Task to carry out: For this exercise, repeat exactly the lines below starting at the line holding "Академія стратегічних комунікацій 2021" and ending at the line holding "ラベンダー出演者殉教者アンシェントメモリーオイル Millionaire Mind", both included, with no extra lines and no pictures.

Recorded information:
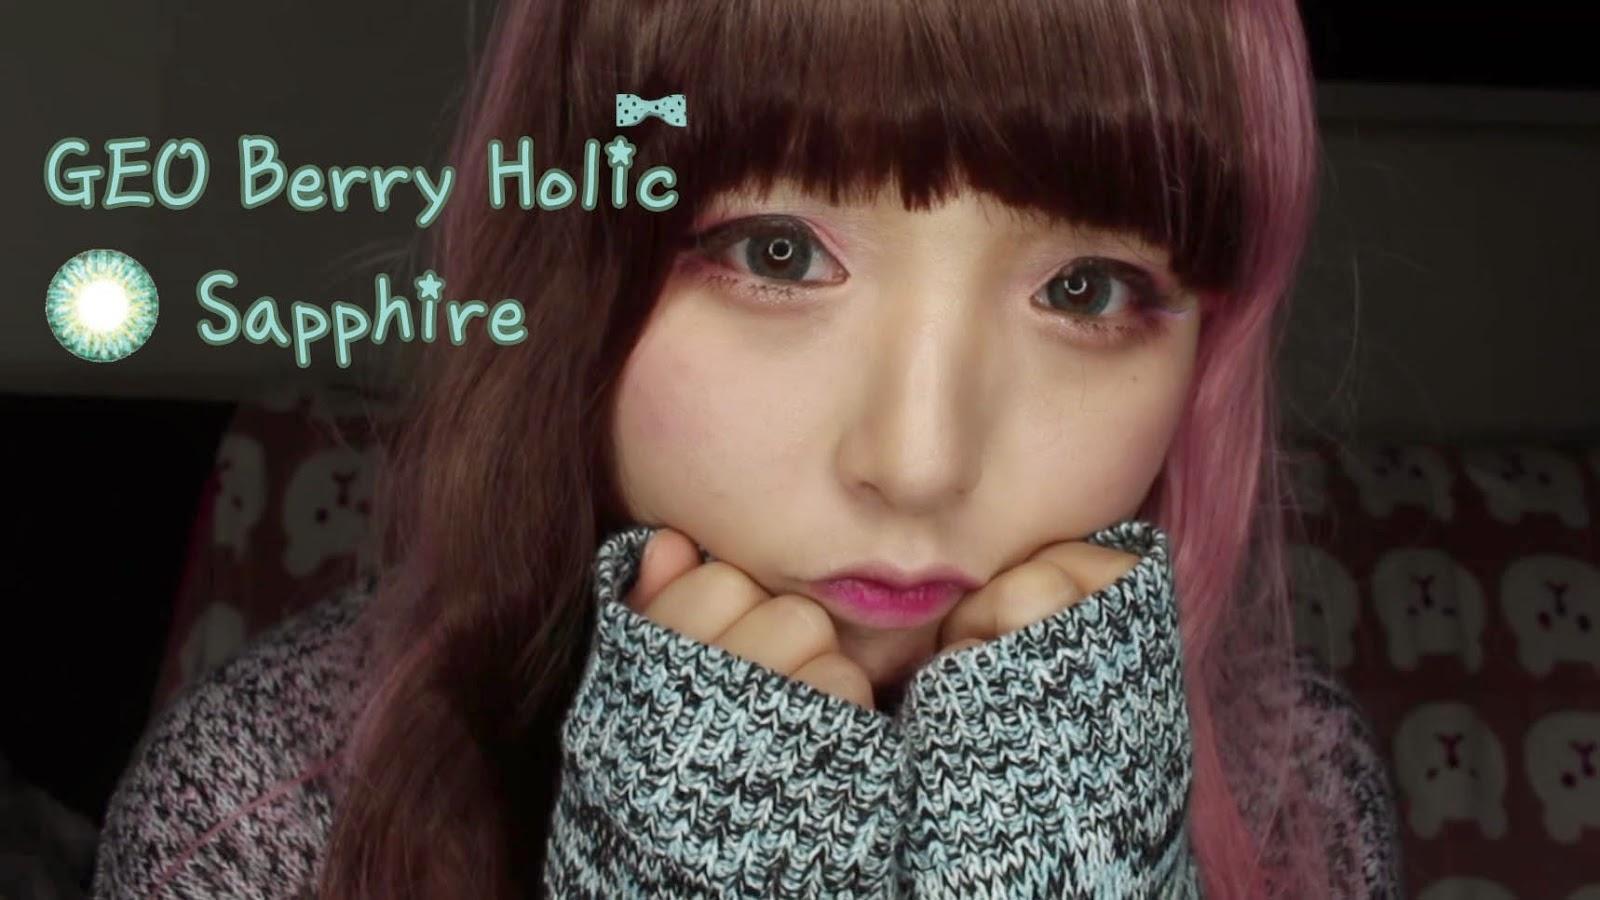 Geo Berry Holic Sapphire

...

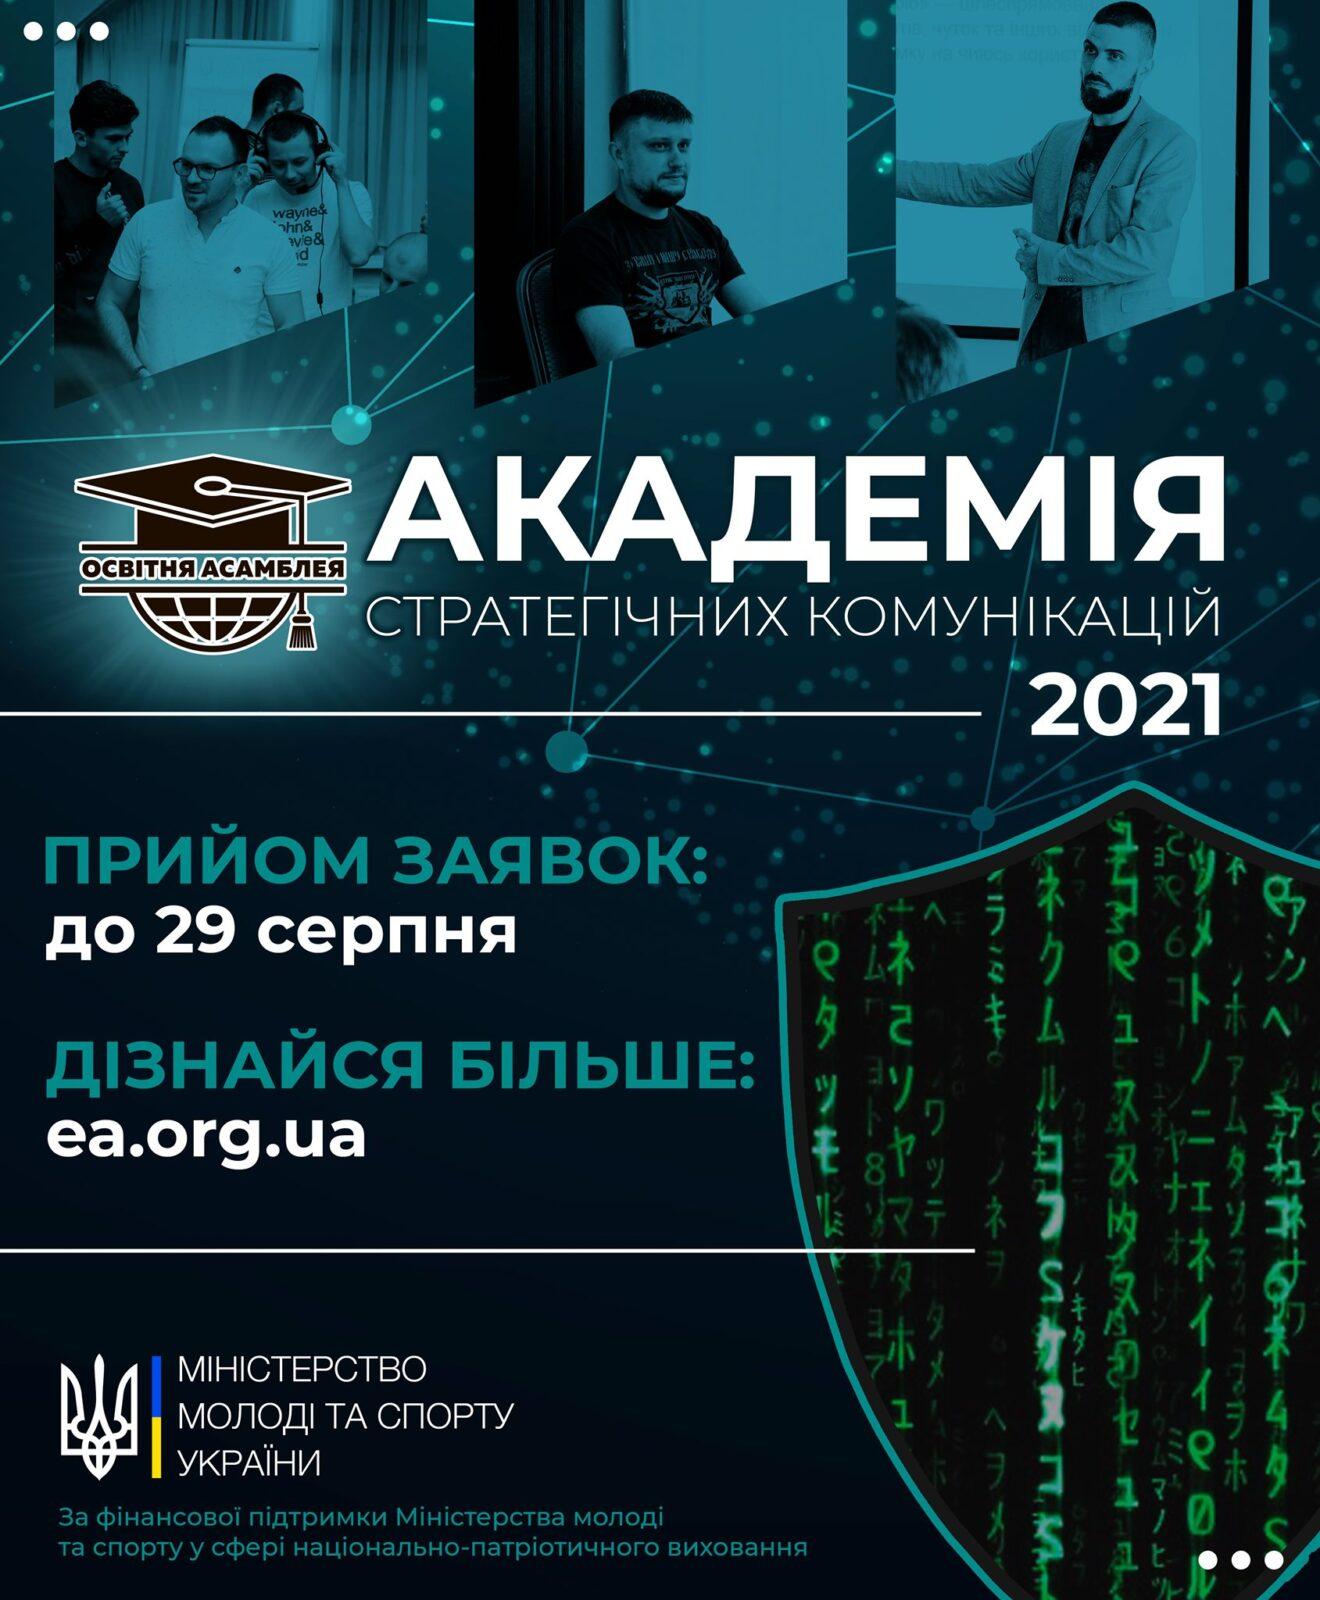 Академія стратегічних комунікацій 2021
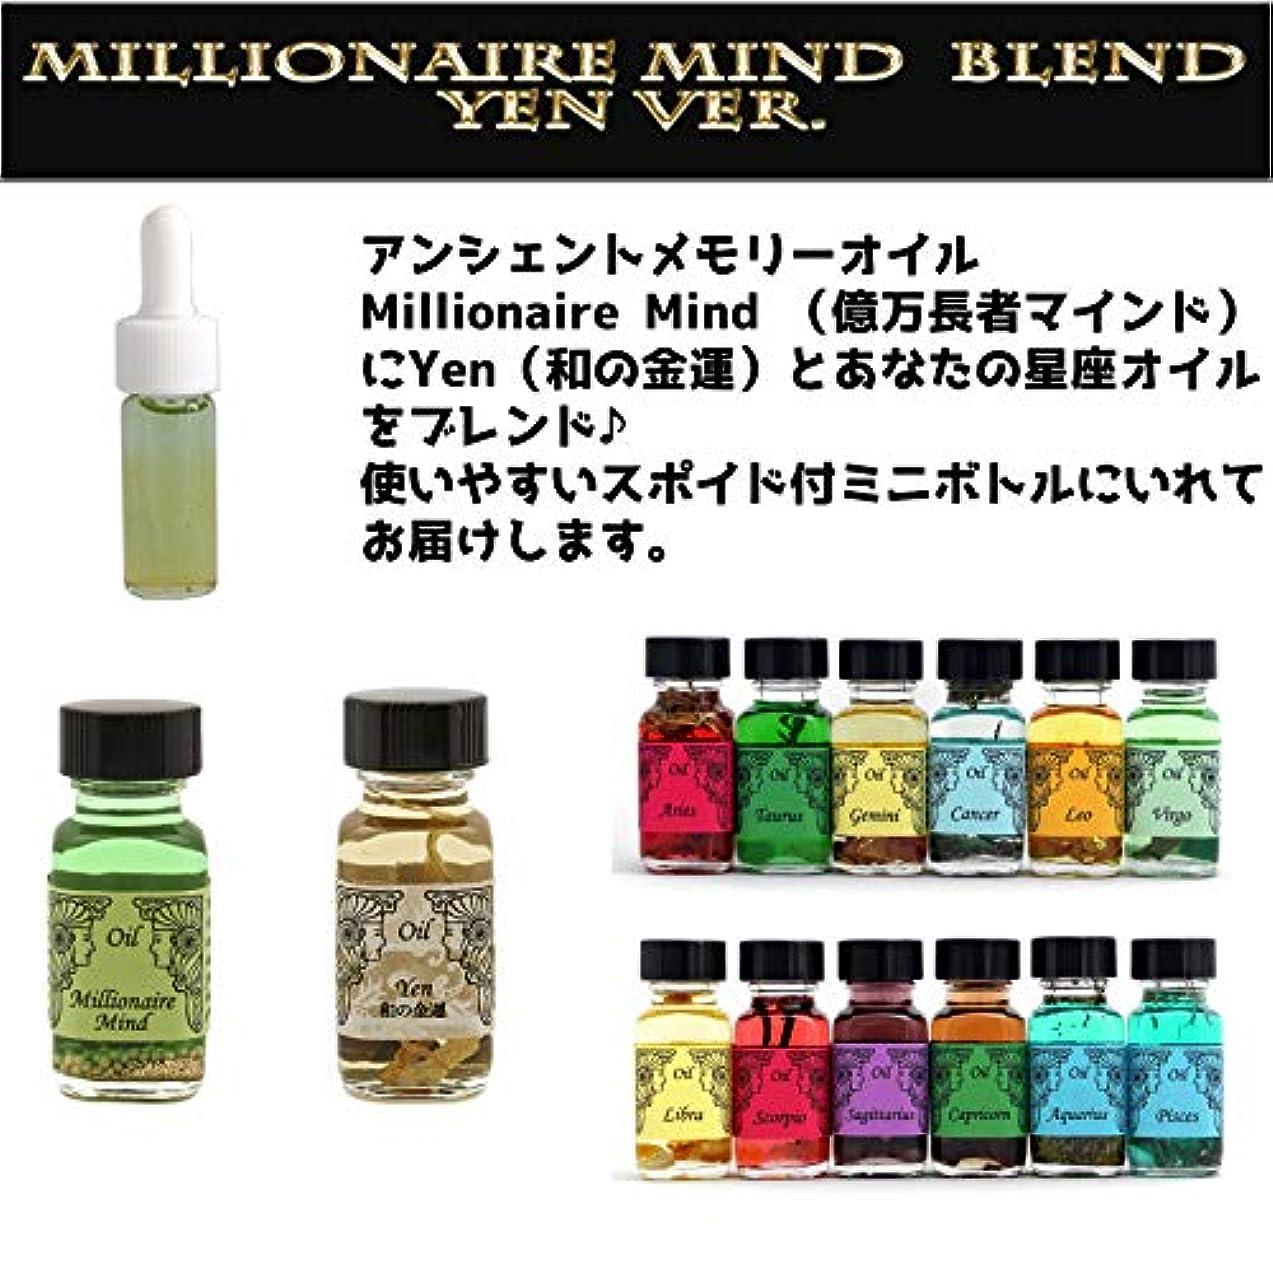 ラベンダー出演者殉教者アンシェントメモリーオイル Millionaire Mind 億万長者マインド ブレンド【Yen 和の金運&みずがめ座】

The answer:
 Академія стратегічних комунікацій 2021
 ラベンダー出演者殉教者アンシェントメモリーオイル Millionaire Mind 億万長者マインド ブレンド【Yen 和の金運&みずがめ座】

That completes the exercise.